##### Input #####

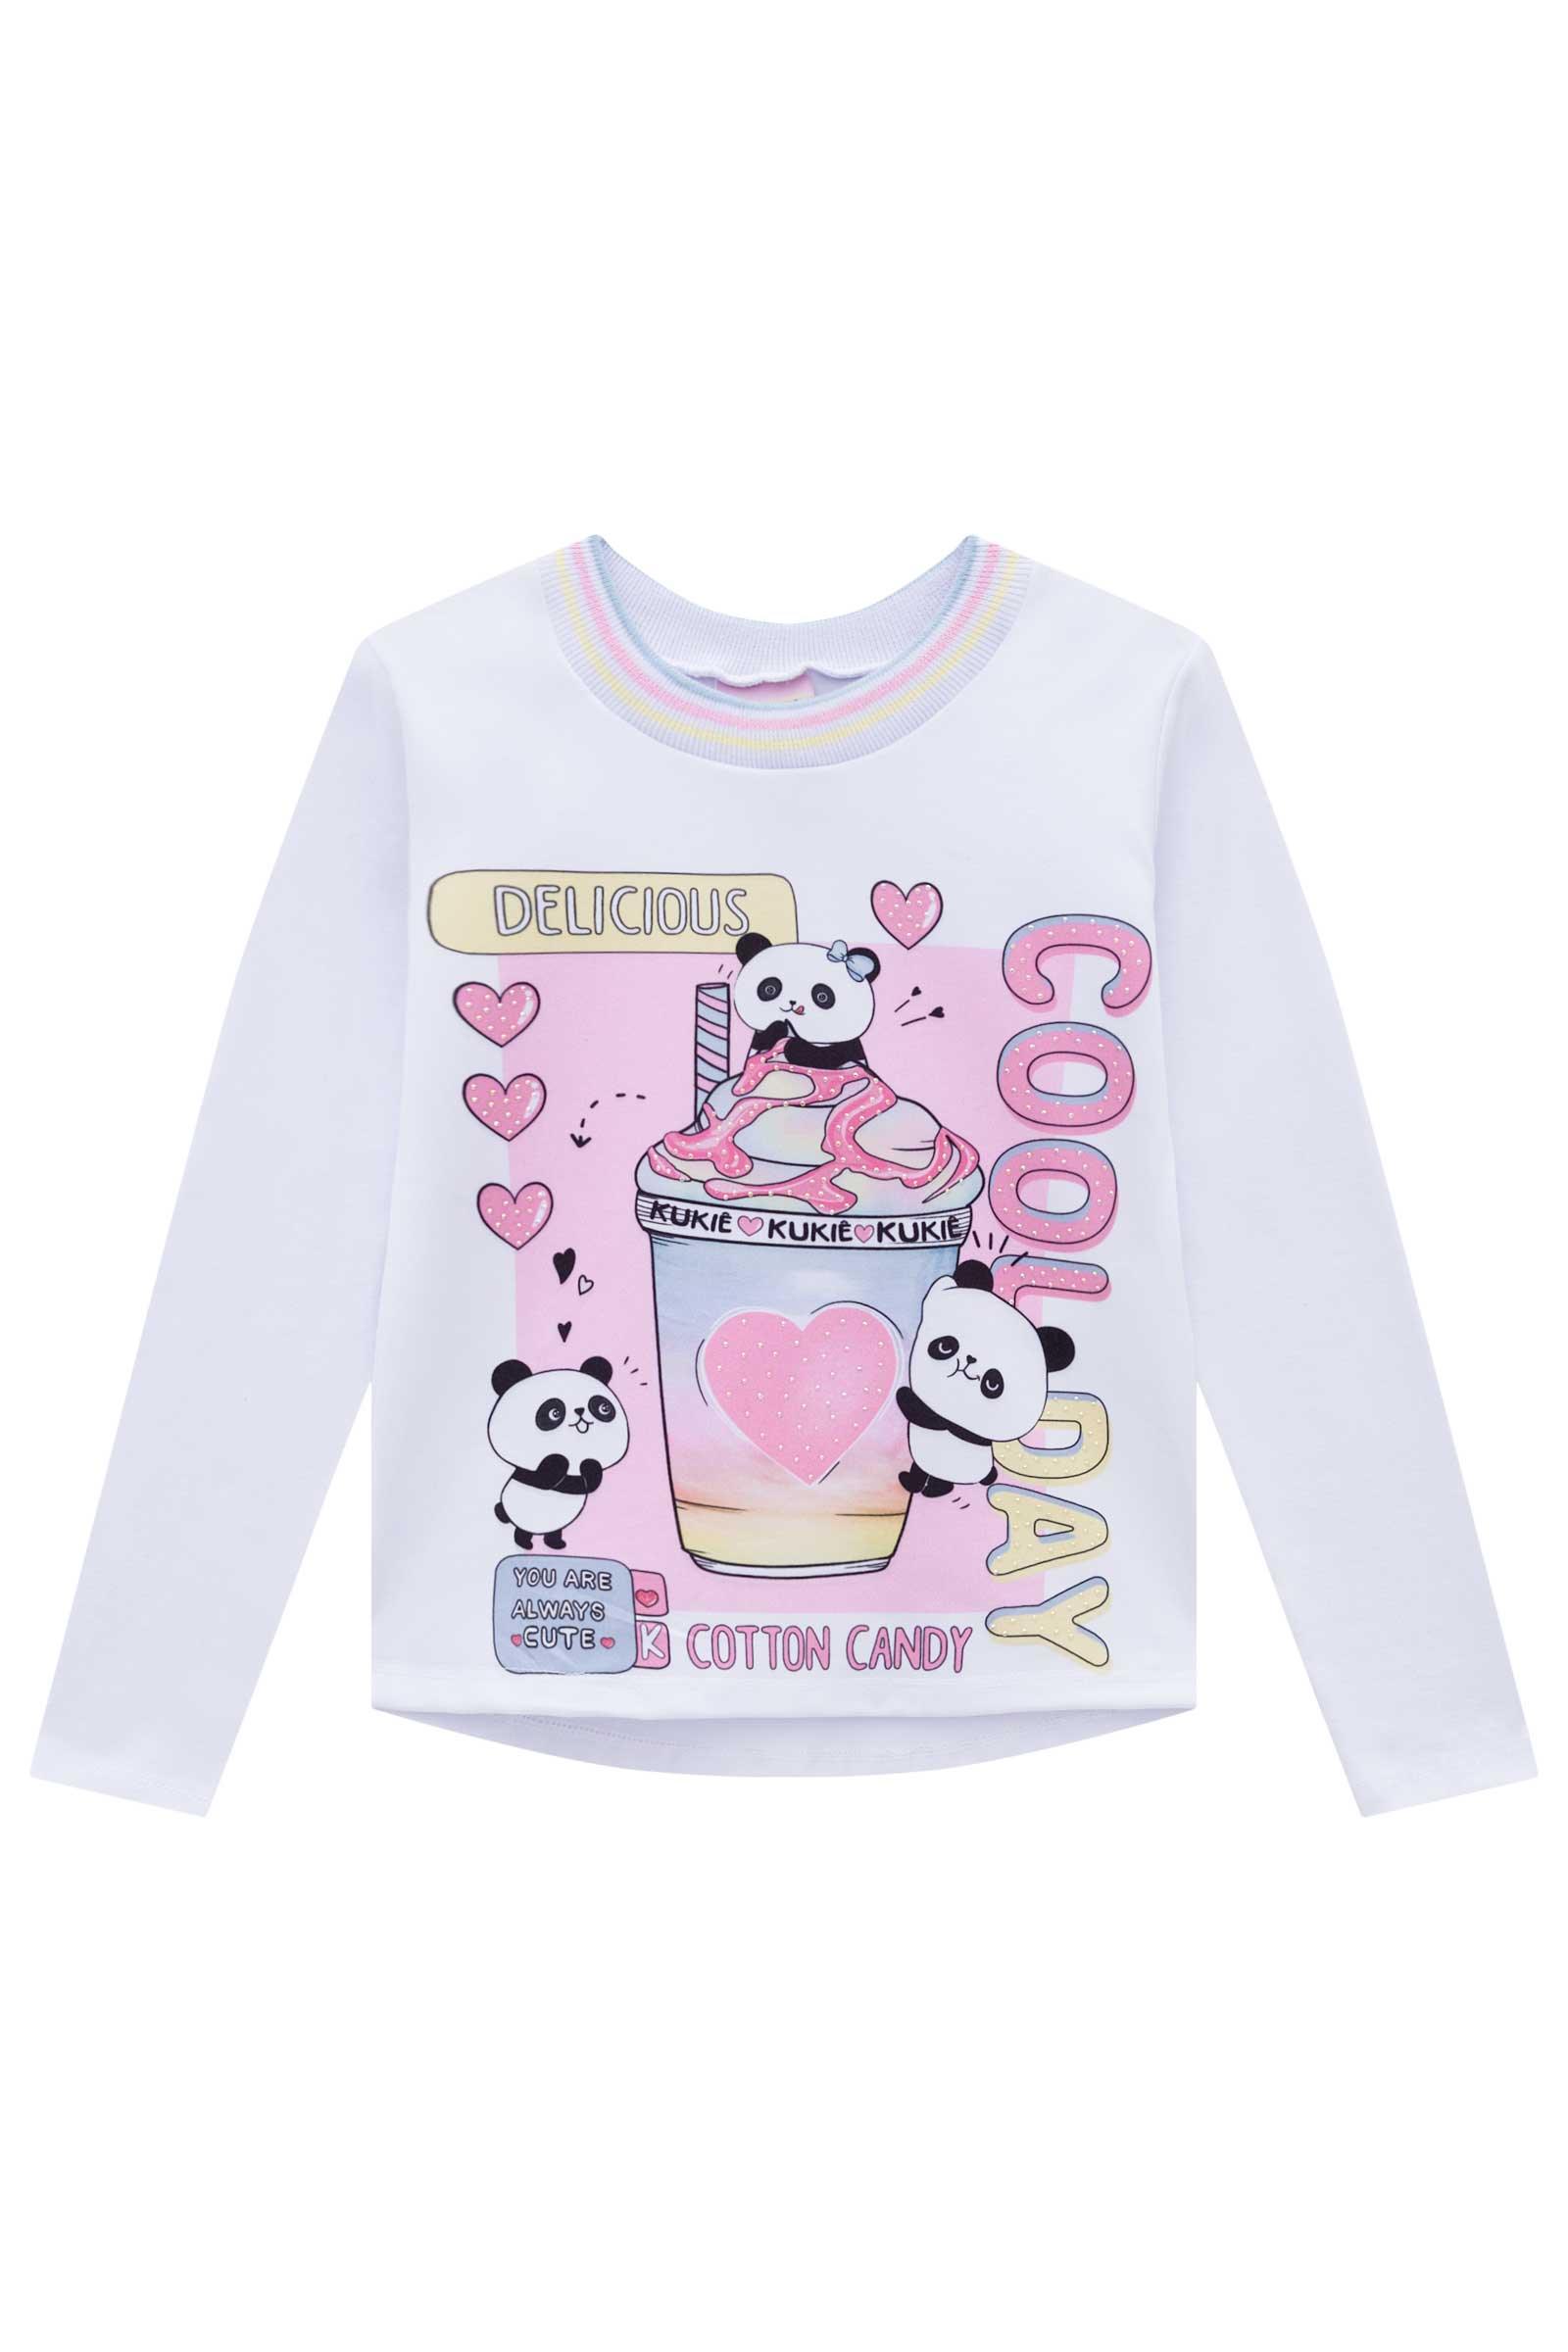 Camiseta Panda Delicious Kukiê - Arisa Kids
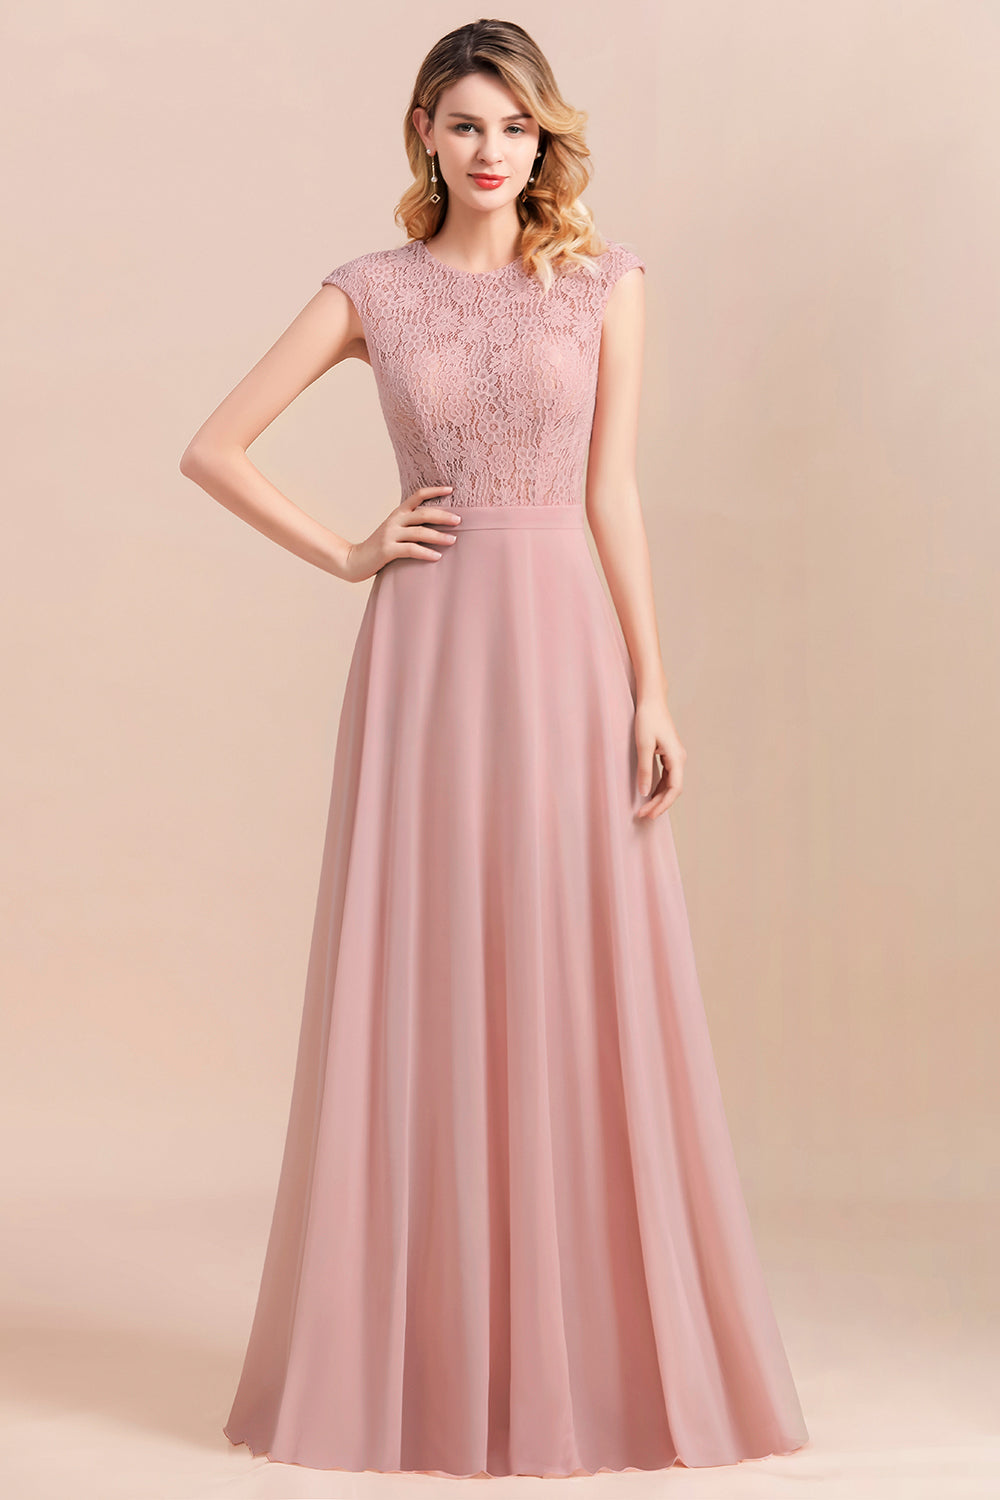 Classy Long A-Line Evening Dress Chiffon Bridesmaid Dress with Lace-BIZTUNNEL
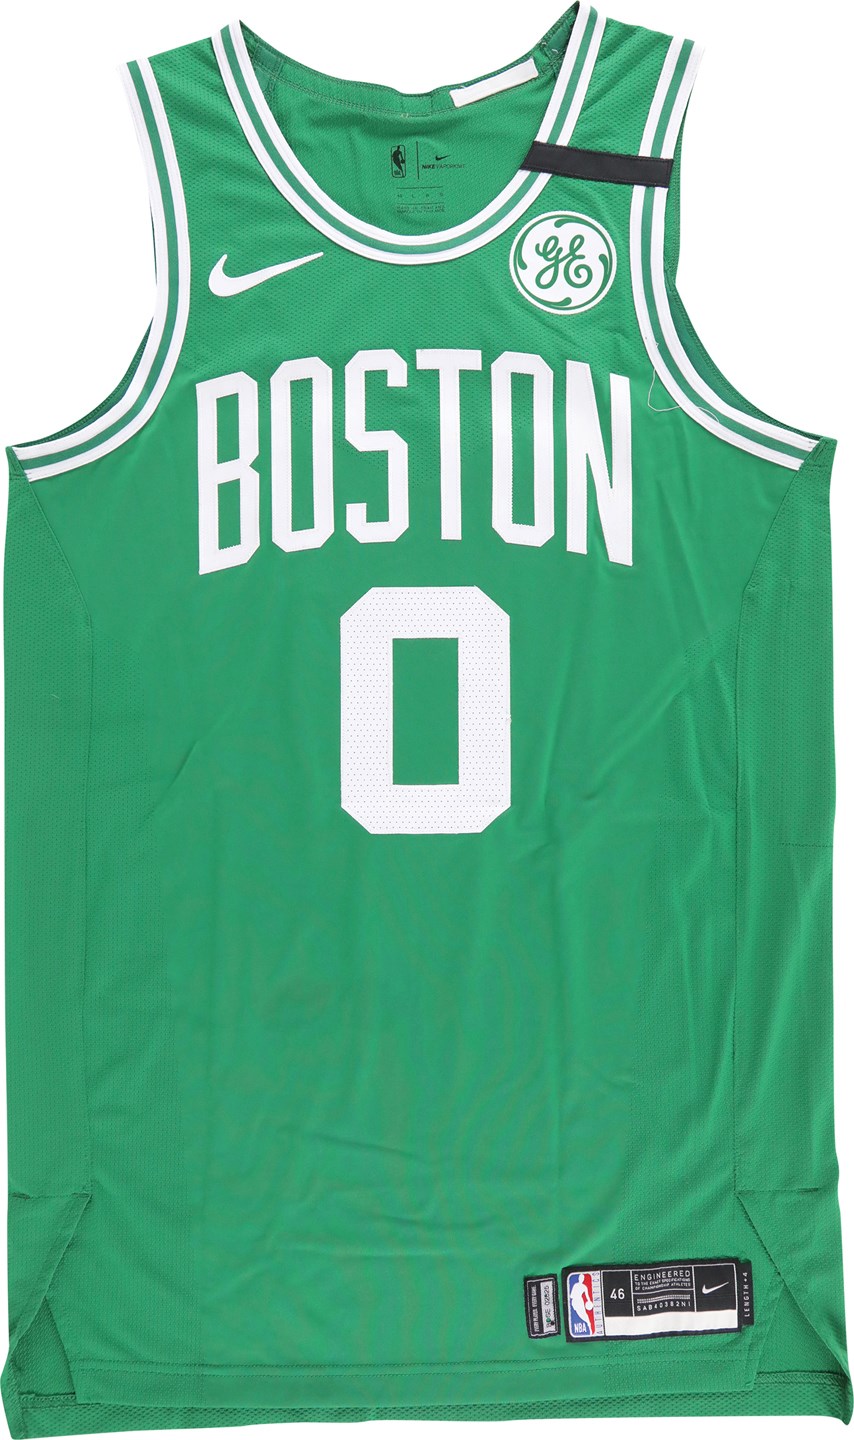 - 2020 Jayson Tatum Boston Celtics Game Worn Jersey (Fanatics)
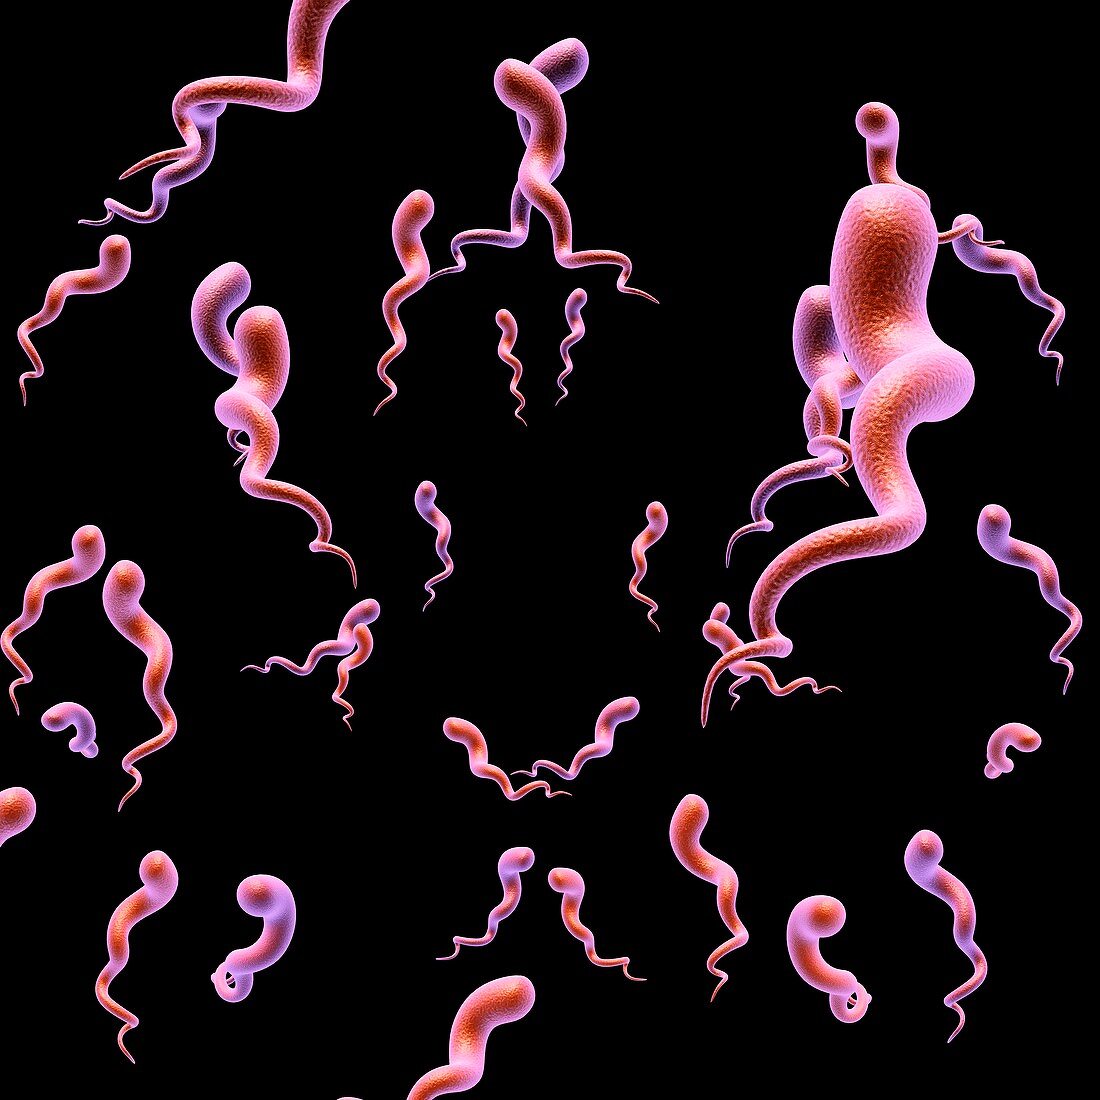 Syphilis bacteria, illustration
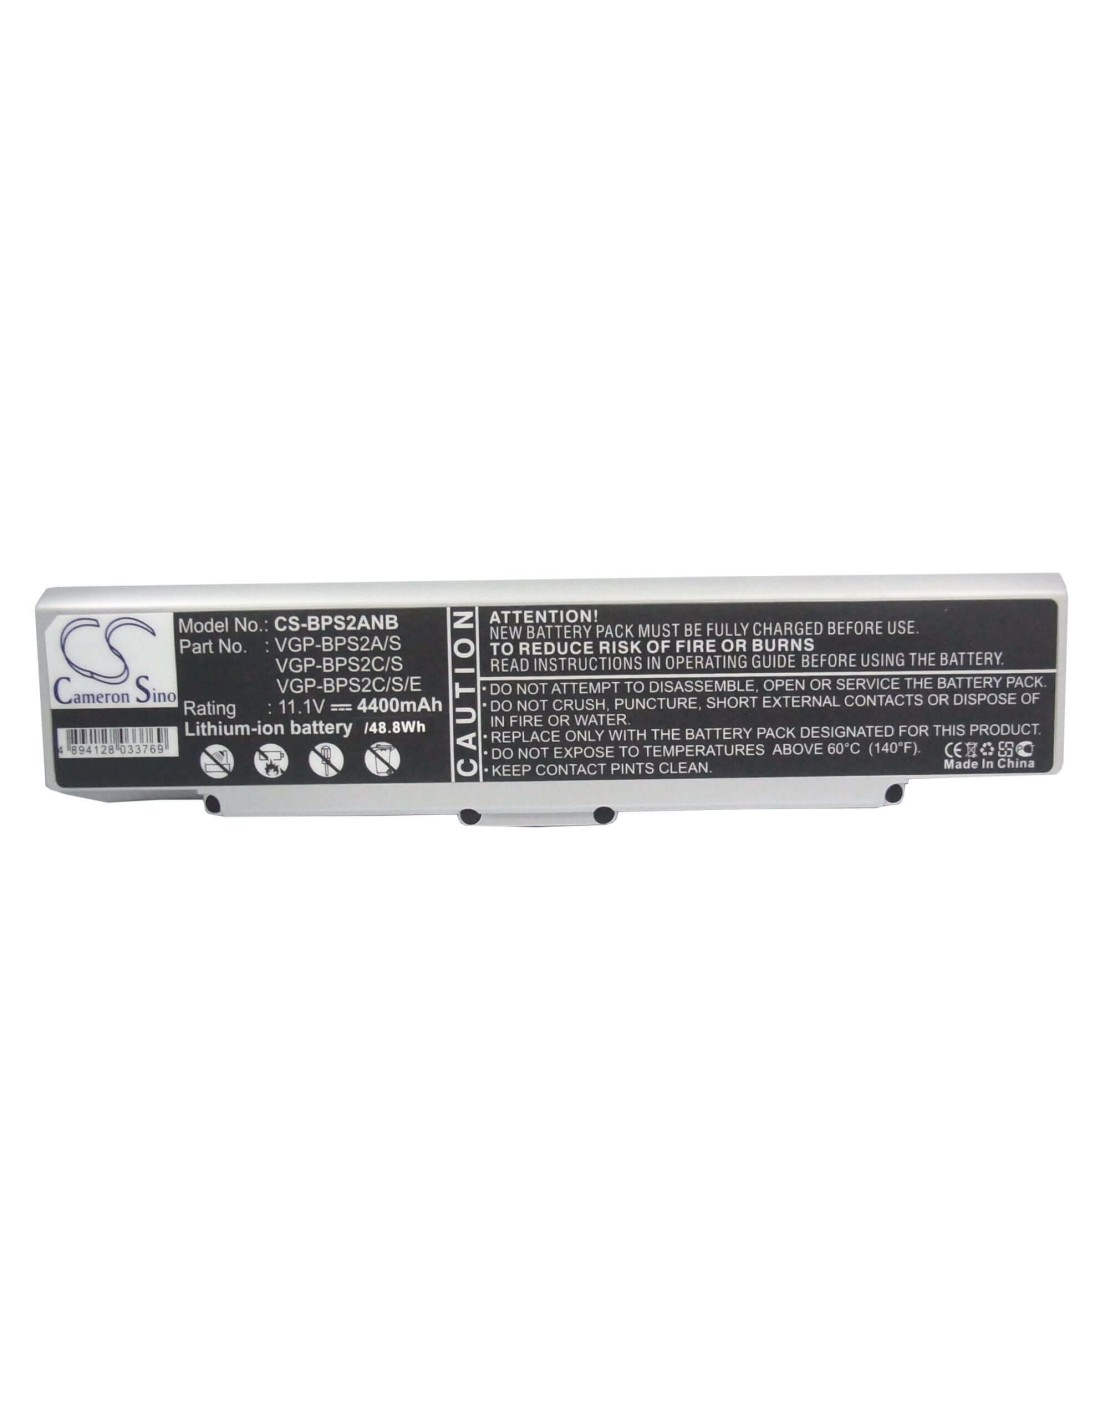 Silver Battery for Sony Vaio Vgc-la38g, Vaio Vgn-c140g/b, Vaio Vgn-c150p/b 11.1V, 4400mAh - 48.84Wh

#####

- Aim of the task
Please output every line of the listing as it stands, and omit its images.

- Output of the task
 Camiseta Panda Delicious Kukiê - Arisa Kids
 Classy Long A-Line Evening Dress Chiffon Bridesmaid Dress with Lace-BIZTUNNEL
 - 2020 Jayson Tatum Boston Celtics Game Worn Jersey (Fanatics)
 Syphilis bacteria, illustration
 Silver Battery for Sony Vaio Vgc-la38g, Vaio Vgn-c140g/b, Vaio Vgn-c150p/b 11.1V, 4400mAh - 48.84Wh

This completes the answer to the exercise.